Przeworski / Teune (1970: 37p) state in criticism to the ”most similar systems” design:
“When the observed systems share characteristics X1, X2, …, Xk, the variations of the dependent variable Y (…) are associated with the variable Xk+1 (according to the hypothesis) or the alternative variables Xk+2, …, Xn (alternative hypothesis)….. The original hypothesis is (thus) confirmed, although alternative hypotheses are not rejected.”
They criticize this design for two reasons. Firstly, they point out that the findings resulting from a “most-similar systems” design are only valid for cases that share the characteristics common to the selected “most similar” cases. Surely enough, the design follows the logic that the findings can be tested and confirmed in other, different, cases and thus aims to remove the controlled variables one-by-one. Yet, as Teune / Przeworski point out, if the findings are not confirmed, “… we are back where we started” (ibid: 38). Secondly, and more important for their subsequent conclusion, with a “most similar systems” design experimental variables cannot be singled out. Przeworski / Teune stress the point that no systems are so similar that they diverge only in one factor. Other characteristics in which the two (or more) cases under investigation differ (or further characteristics the scholar is not aware of) may account for the observed outcomes. In other words, the dependent phenomenon is “overdetermined” (ibid: 34). The “most similar systems” research design thus strengthens the confidence in the explanatory power of a hypothesis but only to a certain degree.

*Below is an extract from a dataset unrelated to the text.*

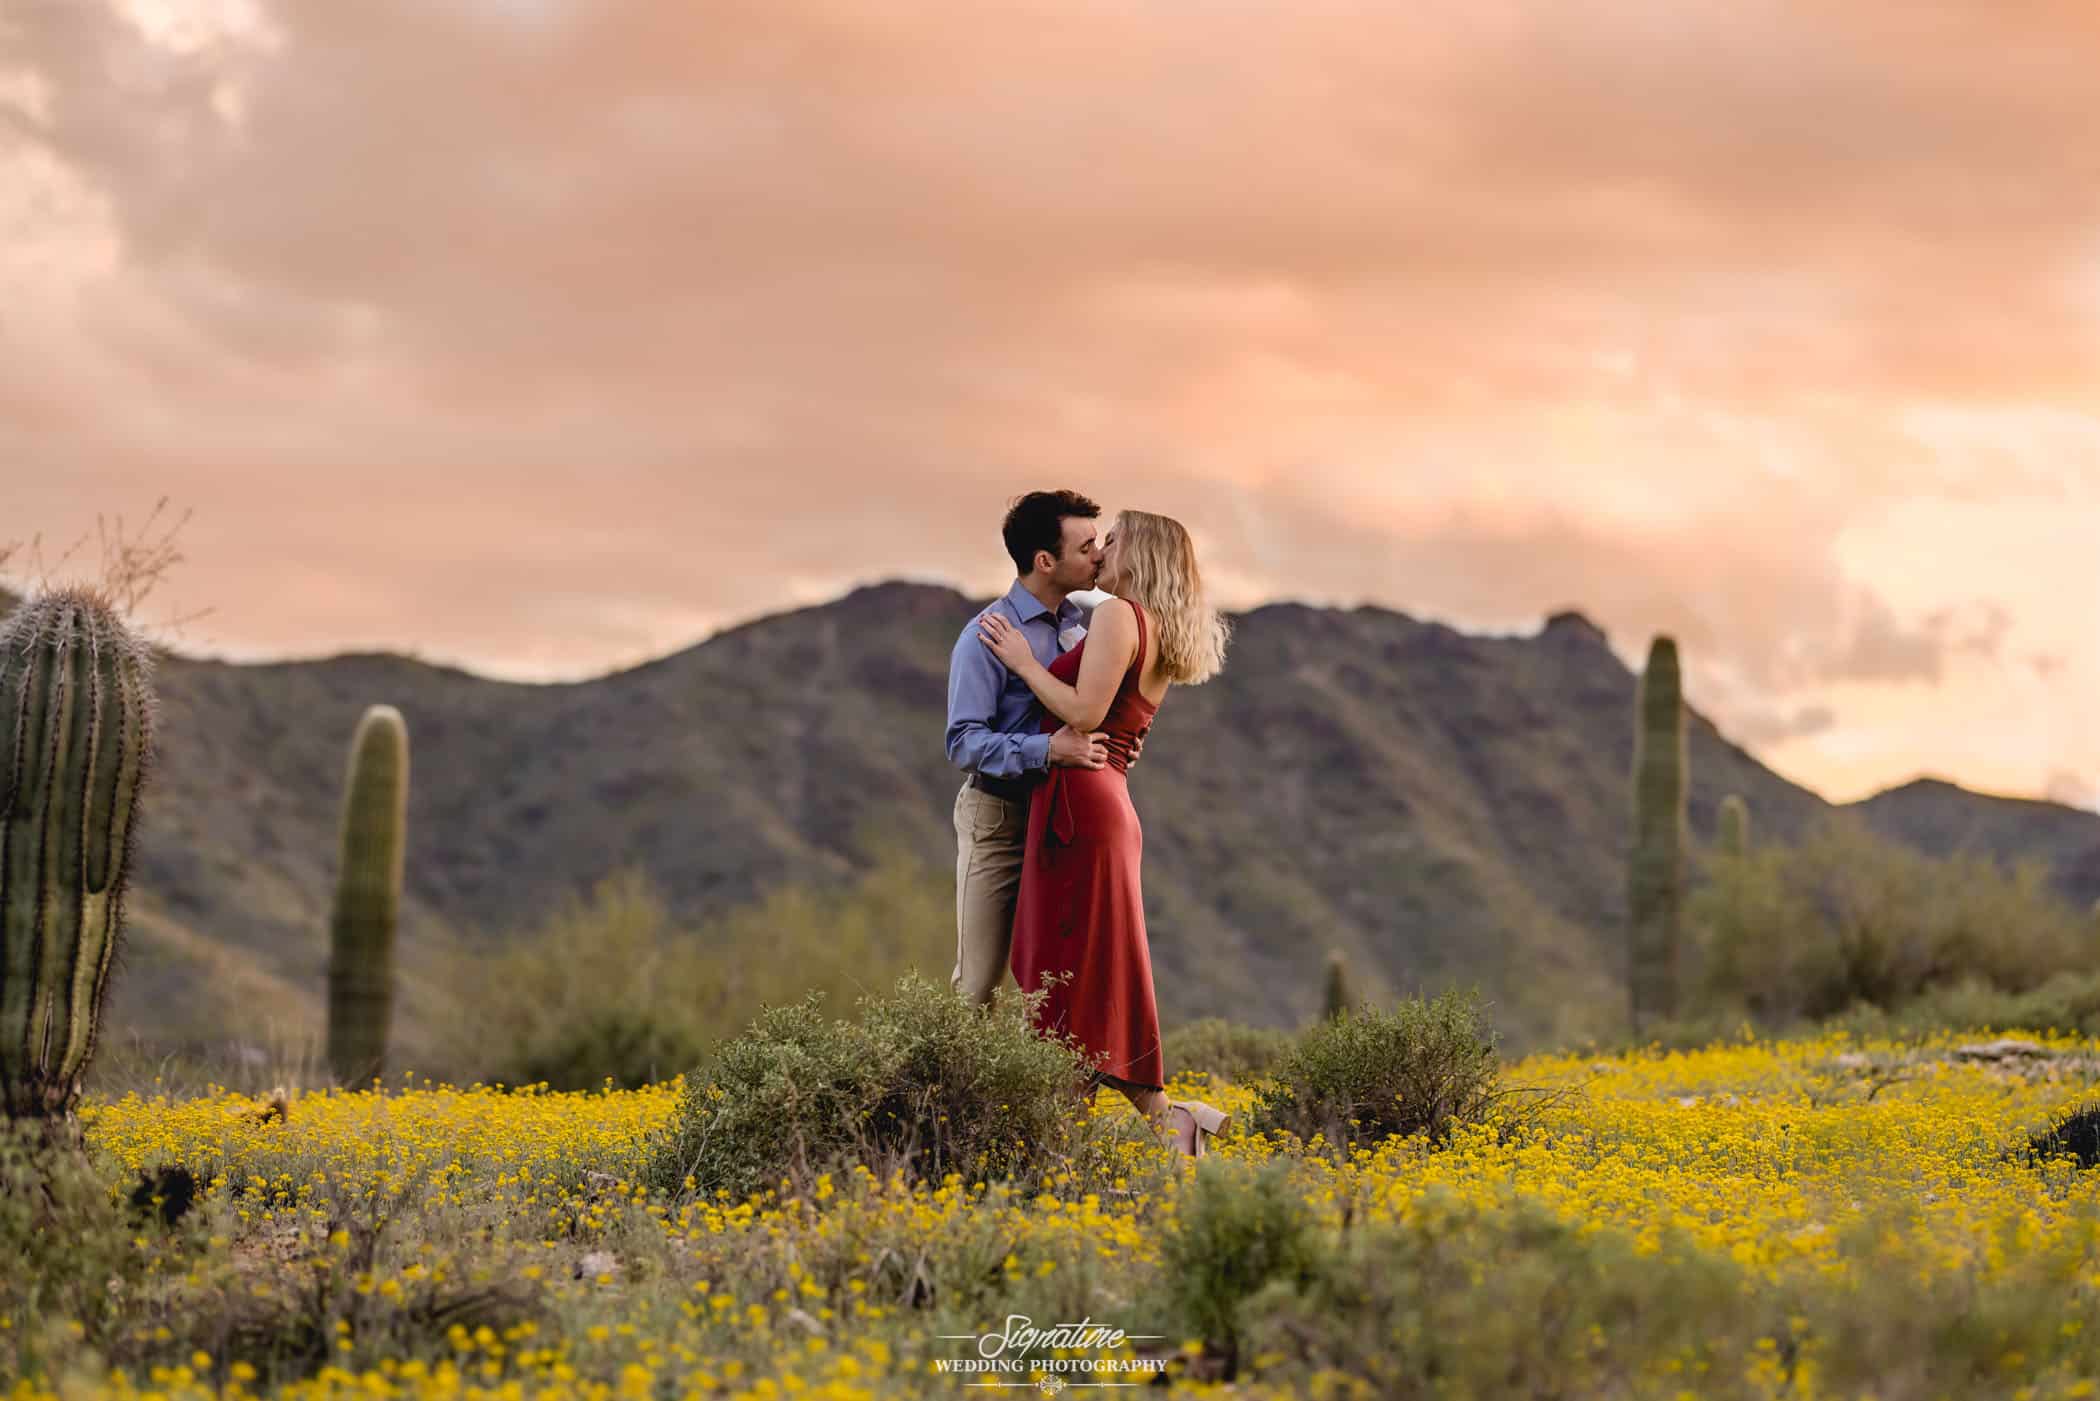 Couple kissing in front of desert mountain

If the resulting findings cannot be confirmed in cases diverging in one or more factors held constant by the “most similar systems” design, a relationship has been determined that seems dependent on another unknown variable.
For these reasons Przeworski / Teune propose another design that focuses not on “most-similar” but on “most-different” systems. The “most different systems design” aims to trace similar outcomes in a set of cases as diverse as possible. The underlying logic is that systemic explanations can be rejected if similar processes of change can be identified. Rather than positively identifying relevant systemic factors, the “most different systems” design thus “centers on eliminating irrelevant systemic factors” (ibid: 35). The point is that if a certain outcome is observed in very different cases, the factors in which the cases differ cannot be responsible for the observed outcome.
Although Przeworski / Teune present the two designs in opposition to each other, it has been argued that the two strategies may be fruitfully combined. Collier (1991: 17) proposes a strategy that starts with a sample of cases that are roughly matched along a number of variables, controlling for their influence. As a result though, the differences between the cases are highlighted. In the same manner, my work will also take a middle position and partly “control” for alternative explanations by keeping them constant and partly reject alternative explanations through a most-dissimilar systems design. In other words, the dissertation will first follow the advice of Lijphart and focus on comparable cases and afterwards pursue Przeworski / Teune’s strategy and highlight differences.
The comparable set of cases for this study are the countries of Central and Eastern Europe which are located close to the European Union, have recently joined the European Union, and that all received civil society assistance from the West in the period between 1990-2000. Of course, we also witness transformation processes enhanced by Western donors including civil society assistance further to the East. However, those countries are so dissimilar regarding geo-strategic as well as cultural and historic conditions that a comparison would only have limited significance. Demonstrating that civil society in Poland is more stable and vibrant than that in Belarus hardly comes as a surprise. The stabilizing influence of the prospects of EU membership, which requires stable democratic institutions guaranteeing civic participation and free association on the one hand, and the cultural and historical traits ranking from early experiences with associative forms to an encompassing dissident movement on the other hand, are both strong explanatory factors that account for these differences. In the face of such obvious explanations, the large Western attention civil society organizations received in Poland that far exceeded the assistance granted to civil society organizations in Belarus will be regarded as a rather minor causal factor. The selection of cases is thus based on a design that is partly most similar and partly most different in order to deal with two prominent alternative explanations: the stabilizing influence of the European Union (EU) on the one hand, and pre-existing cultural and historical strands of civil society on the other hand. Whereas the first alternative explanation is held constant, the second is chosen in a way that it is most dissimilar.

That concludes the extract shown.